Arsenic mononucleotides. Separation by high-performance liquid chromatography and identification with myokinase and adenylate deaminase

Abstract

The spontaneous formation of arsenic mononucleotides has been detected in mixtures of arsenate and inosine or adenosine or its deoxy analogues. These compounds have been separated by high-performance liquid chromatography and identified by their behavior in the presence of myokinase and adenylate deaminase. The nucleoside 5'-arsenates are formed preferentially to the 2'- and 3'-arsenate analogues. All arsenic nucleotides detected showed similar kinetic and equilibrium constants of formation: about 8 X 10(-4) M-1 S-1 and 2 X 10(-3) M-1, respectively. These values are several orders of magnitude greater than those of their phosphoric analogues. The adenosine 5'-arsenate was able to substitute for 5'AMP in the reaction of myokinase and adenylate deaminase. The substitutions of the 2'- or 3'-hydrogen for hydroxyl groups in the ribose moiety of this compound slightly affected its suitability as substrate for myokinase but had drastic effect in the case of adenylate deaminase. The half-life of the arsenic nucleotides, at pH 7.0 and 25 degrees C, ranged from 30 to 45 min.
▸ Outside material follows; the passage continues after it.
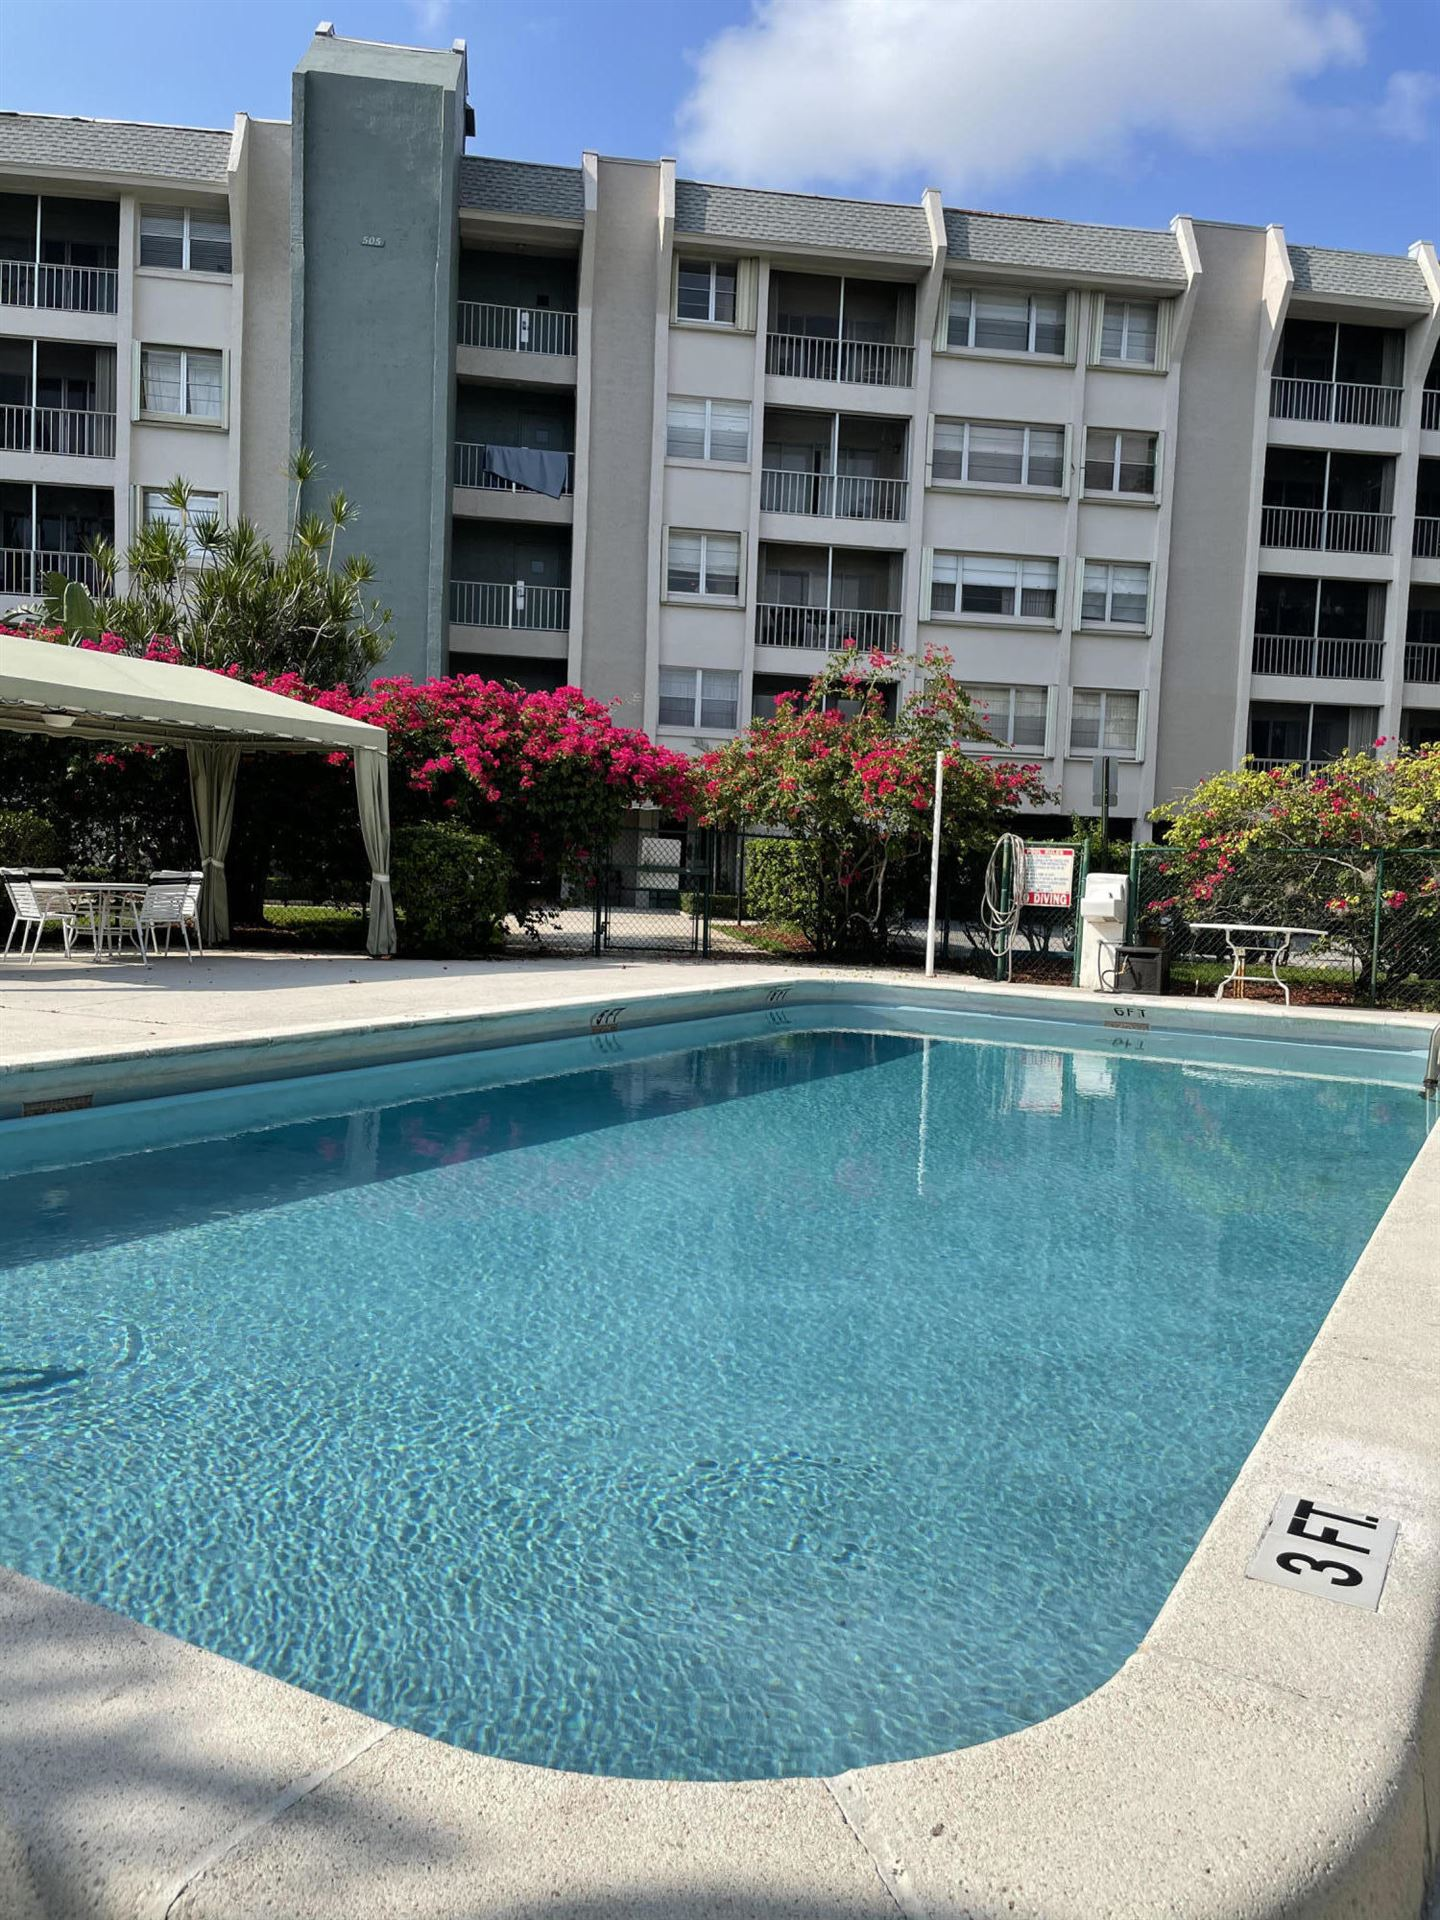 505 Spencer Drive #112, West Palm Beach, FL 33409 - MLS#: RX-10714098

The lability of these compounds is increased during catalysis with myokinase. Results on the reaction mechanism of myokinase with adenosine 5'-arsenate indicate that the mixed-anhydride analogue to ADP, adenosine 5'-(arsenate phosphate), is not detected either because it is not formed in the reaction with this enzyme or because it is rapidly hydrolyzed.